What you should do
An exact repetition of the data below, without images, is the expected answer.

[Dataset extract — start]

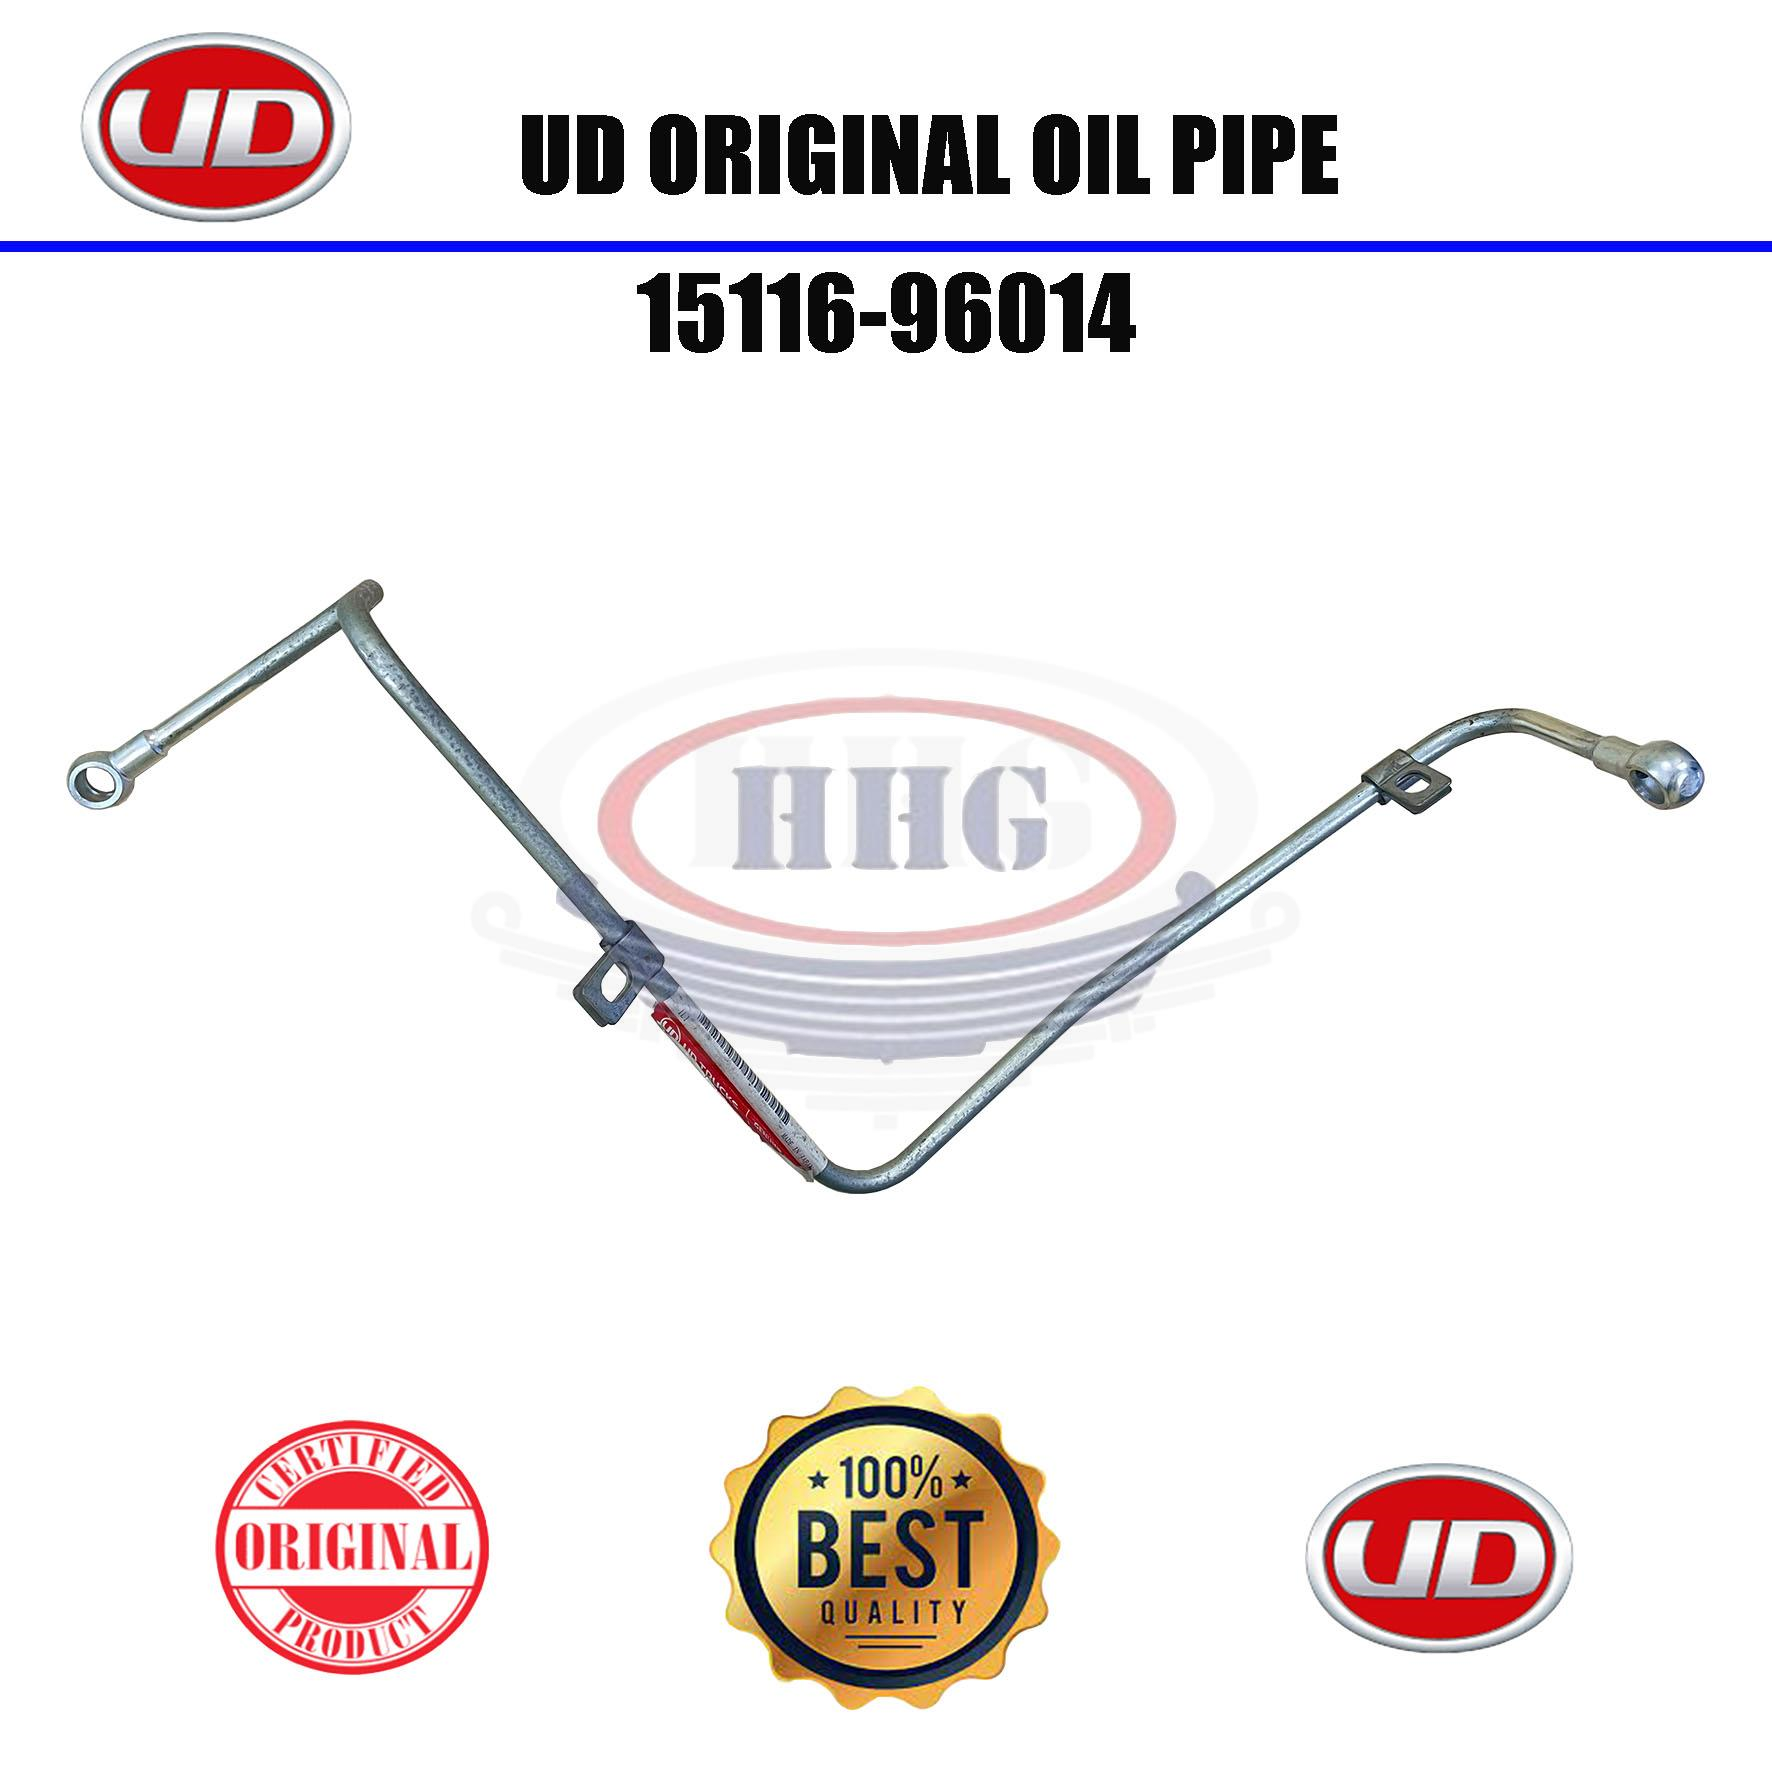 UD Original Oil Pipe (15116-96014)
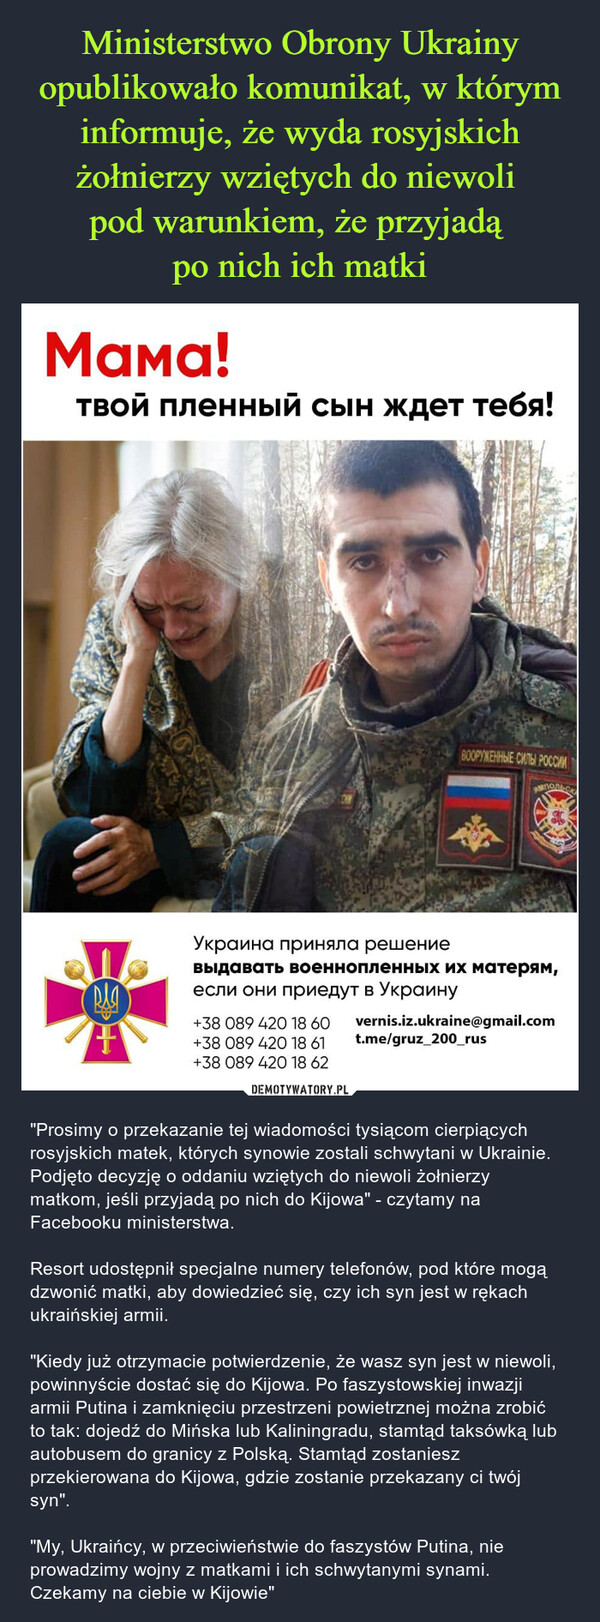  – "Prosimy o przekazanie tej wiadomości tysiącom cierpiących rosyjskich matek, których synowie zostali schwytani w Ukrainie. Podjęto decyzję o oddaniu wziętych do niewoli żołnierzy matkom, jeśli przyjadą po nich do Kijowa" - czytamy na Facebooku ministerstwa. Resort udostępnił specjalne numery telefonów, pod które mogą dzwonić matki, aby dowiedzieć się, czy ich syn jest w rękach ukraińskiej armii. "Kiedy już otrzymacie potwierdzenie, że wasz syn jest w niewoli, powinnyście dostać się do Kijowa. Po faszystowskiej inwazji armii Putina i zamknięciu przestrzeni powietrznej można zrobić to tak: dojedź do Mińska lub Kaliningradu, stamtąd taksówką lub autobusem do granicy z Polską. Stamtąd zostaniesz przekierowana do Kijowa, gdzie zostanie przekazany ci twój syn"."My, Ukraińcy, w przeciwieństwie do faszystów Putina, nie prowadzimy wojny z matkami i ich schwytanymi synami. Czekamy na ciebie w Kijowie" 
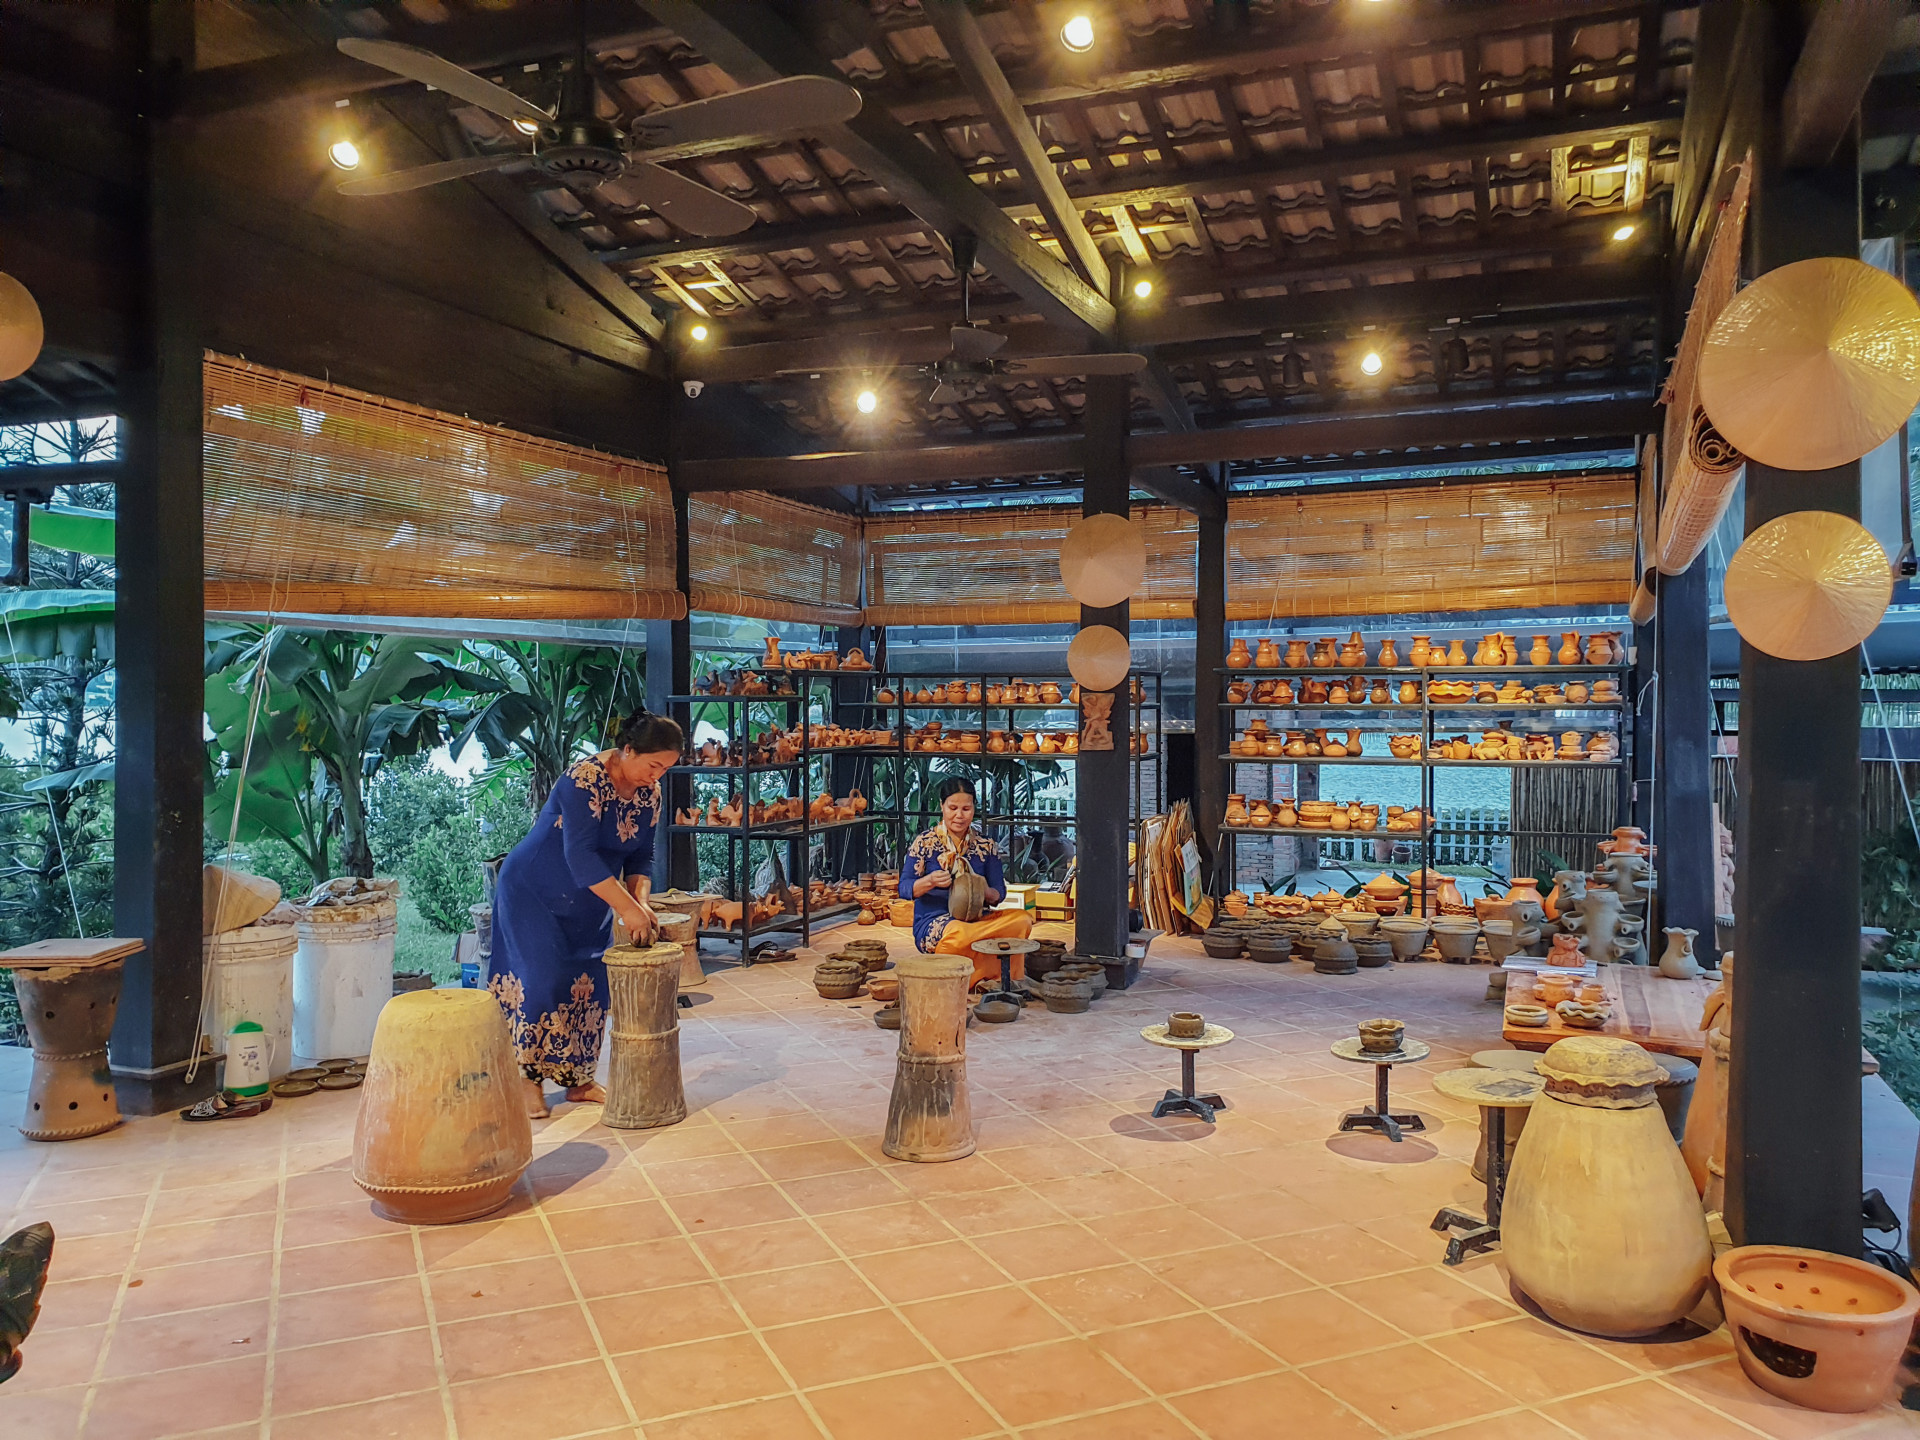 Nghệ nhân người Chăm trình diễn kỹ thuật làm gốm Chăm truyền thống tại Champa Island Nha Trang. (Ảnh chụp trước dịch Covid-19)

[Dataset extract — finish]

Result of this task
 UD Original Oil Pipe (15116-96014)
  – "Prosimy o przekazanie tej wiadomości tysiącom cierpiących rosyjskich matek, których synowie zostali schwytani w Ukrainie. Podjęto decyzję o oddaniu wziętych do niewoli żołnierzy matkom, jeśli przyjadą po nich do Kijowa" - czytamy na Facebooku ministerstwa. Resort udostępnił specjalne numery telefonów, pod które mogą dzwonić matki, aby dowiedzieć się, czy ich syn jest w rękach ukraińskiej armii. "Kiedy już otrzymacie potwierdzenie, że wasz syn jest w niewoli, powinnyście dostać się do Kijowa. Po faszystowskiej inwazji armii Putina i zamknięciu przestrzeni powietrznej można zrobić to tak: dojedź do Mińska lub Kaliningradu, stamtąd taksówką lub autobusem do granicy z Polską. Stamtąd zostaniesz przekierowana do Kijowa, gdzie zostanie przekazany ci twój syn"."My, Ukraińcy, w przeciwieństwie do faszystów Putina, nie prowadzimy wojny z matkami i ich schwytanymi synami. Czekamy na ciebie w Kijowie" 
 Nghệ nhân người Chăm trình diễn kỹ thuật làm gốm Chăm truyền thống tại Champa Island Nha Trang. (Ảnh chụp trước dịch Covid-19)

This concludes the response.